Javadoc corrections

peterdettman · peterdettman · commit e064066ddaa6 · 2026-05-13T00:57:45.000+07:00
diff --git a/core/src/main/java/org/bouncycastle/math/ec/rfc7748/X25519.java b/core/src/main/java/org/bouncycastle/math/ec/rfc7748/X25519.java
@@ -18,15 +18,16 @@
  *       {@code edwards25519} curve via
  *       {@link Ed25519#scalarMultBaseYZ(Friend, byte[], int, int[], int[])}
  *       (a signed multi-comb in extended Edwards coordinates), then
- *       converted to the Curve25519 {@code u} coordinate using the RFC
+ *       converted to the curve25519 {@code u} coordinate using the RFC
  *       7748 sec. 4.1 birational map {@code u = (1 + Y) / (1 - Y)}
  *       where {@code Y = y / z}.</li>
  *   <li>{@link #scalarMult} (key agreement) &mdash; Montgomery ladder on
  *       XZ-only projective coordinates per RFC 7748 sec. 5, with
  *       per-bit constant-time {@code cswap}; the
  *       {@code A24 = (A + 2) / 4} curve constant is precomputed from
- *       {@code A = 486662}. The trailing three doublings cancel the
- *       cofactor introduced by the lowest cleared scalar bits.</li>
+ *       {@code A = 486662}. The final three doublings correspond to the
+ *       always-cleared low bits of the scalar; these clear the cofactor
+ *       to ensure a non-twist result.</li>
  *   <li>{@link #calculateAgreement} &mdash; {@link #scalarMult} followed
  *       by the RFC 7748 sec. 6.1 all-zero rejection.</li>
  * </ul>
@@ -206,7 +207,7 @@ public static void scalarMultBase(byte[] k, int kOff, byte[] r, int rOff)
 
         Ed25519.scalarMultBaseYZ(Friend.INSTANCE, k, kOff, y, z);
 
-        // Birational map edwards25519 -> Curve25519 (RFC 7748 sec. 4.1):
+        // Birational map edwards25519 -> curve25519 (RFC 7748 sec. 4.1):
         //   u = (1 + Y) / (1 - Y),  where Y = y / z.
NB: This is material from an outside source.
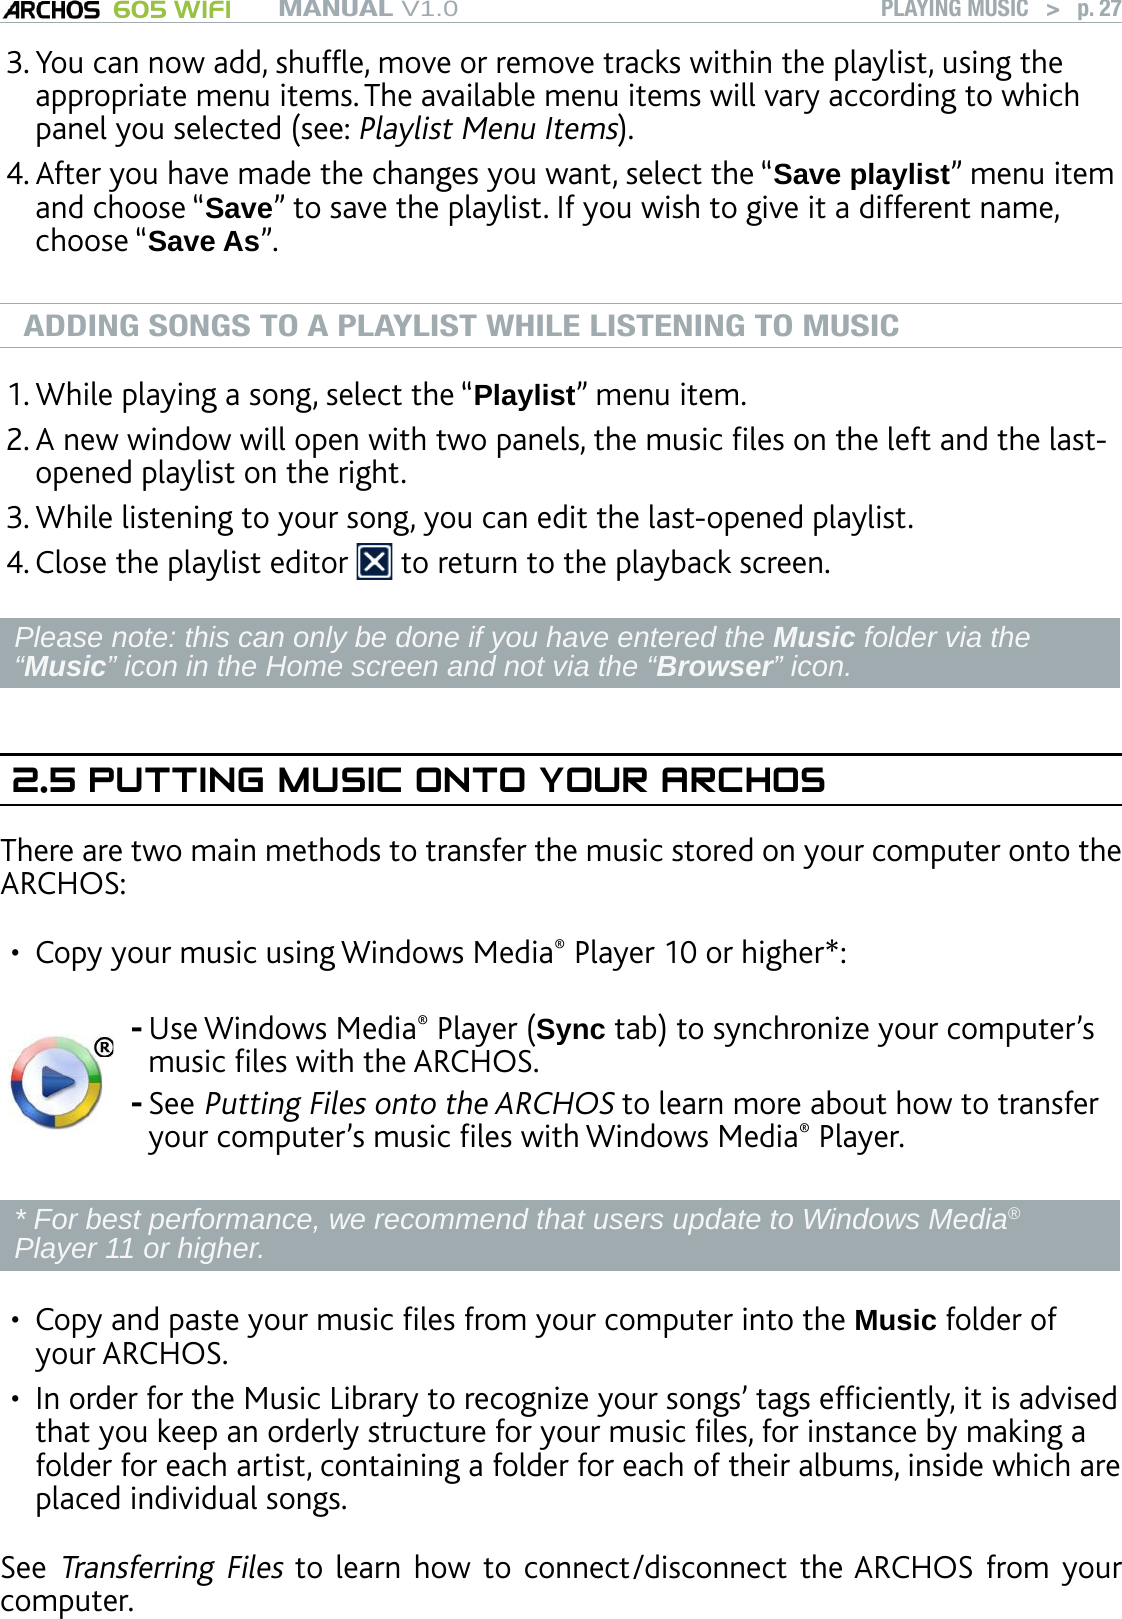 MANUAL V1.0 605 WIFI PLAYING MUSIC   &gt;   p. 27You can now add, shufe, move or remove tracks within the playlist, using the appropriate menu items. The available menu items will vary according to which panel you selected (see: Playlist Menu Items). After you have made the changes you want, select the “Save playlist” menu item and choose “Save” to save the playlist. If you wish to give it a different name, choose “Save As”.ADDING SONGS TO A PLAYLIST WHILE LISTENING TO MUSICWhile playing a song, select the “Playlist” menu item.A new window will open with two panels, the music les on the left and the last-opened playlist on the right.While listening to your song, you can edit the last-opened playlist.Close the playlist editor   to return to the playback screen.Please note: this can only be done if you have entered the Music folder via the “Music” icon in the Home screen and not via the “Browser” icon.2.5 PUTTING MUSIC ONTO YOUR ARCHOSThere are two main methods to transfer the music stored on your computer onto the ARCHOS:Copy your music using Windows Media® Player 10 or higher*:Use Windows Media® Player (Sync tab) to synchronize your computer’s music les with the ARCHOS.See Putting Files onto the ARCHOS to learn more about how to transfer your computer’s music les with Windows Media® Player.--* For best performance, we recommend that users update to Windows Media® Player 11 or higher.Copy and paste your music les from your computer into the Music folder of your ARCHOS.In order for the Music Library to recognize your songs’ tags efciently, it is advised that you keep an orderly structure for your music les, for instance by making a folder for each artist, containing a folder for each of their albums, inside which are placed individual songs.See Transferring Files to learn how to  connect/disconnect  the ARCHOS from your computer.3.4.1.2.3.4.•••

         // Computed projectively: y' := z + y, z' := z - y, then u = y' / z'.
         F.apm(z, y, y, z);
diff --git a/core/src/main/java/org/bouncycastle/math/ec/rfc7748/X448.java b/core/src/main/java/org/bouncycastle/math/ec/rfc7748/X448.java
@@ -14,19 +14,18 @@
  *       {@link #clampPrivateKey} (RFC 7748 sec. 5 clamping: clear bits
  *       0..1, set bit 447).</li>
  *   <li>{@link #generatePublicKey} / {@link #scalarMultBase} &mdash;
- *       computed as {@code k * B} on the birationally-equivalent
- *       {@code edwards448} curve via
- *       {@link Ed448#scalarMultBaseXY(Friend, byte[], int, int[], int[])}
+ *       computed as {@code k * B} on the 4-isogenous {@code edwards448} curve
+ *       via {@link Ed448#scalarMultBaseXY(Friend, byte[], int, int[], int[])}
  *       (a signed multi-comb in projective Edwards coordinates), then
- *       converted to the Curve448 {@code u} coordinate using the RFC
- *       7748 sec. 4.2 / errata 5568 birational map
- *       {@code u = (y / x)^2}.</li>
+ *       converted to the curve448 {@code u} coordinate using the RFC
+ *       7748 sec. 4.2 4-isogeny map {@code u = (y / x)^2}.</li>
  *   <li>{@link #scalarMult} (key agreement) &mdash; Montgomery ladder on
  *       XZ-only projective coordinates per RFC 7748 sec. 5, with
  *       per-bit constant-time {@code cswap}; the
  *       {@code A24 = (A + 2) / 4} curve constant is precomputed from
- *       {@code A = 156326}. The trailing two doublings cancel the
- *       cofactor introduced by the lowest cleared scalar bits.</li>
+ *       {@code A = 156326}. The final two doublings correspond to the
+ *       always-cleared low bits of the scalar; these clear the cofactor
+ *       to ensure a non-twist result.</li>
  *   <li>{@link #calculateAgreement} &mdash; {@link #scalarMult} followed
  *       by the RFC 7748 sec. 6.2 all-zero rejection.</li>
  * </ul>
@@ -214,9 +213,9 @@ public static void scalarMultBase(byte[] k, int kOff, byte[] r, int rOff)
 
         Ed448.scalarMultBaseXY(Friend.INSTANCE, k, kOff, x, y);
 
-        // Birational map edwards448 -> Curve448 (RFC 7748 sec. 4.2 /
-        // errata 5568):  u = (y / x)^2.  The Ed448 comb returns the
-        // affine Edwards (x, y); invert x and square the ratio.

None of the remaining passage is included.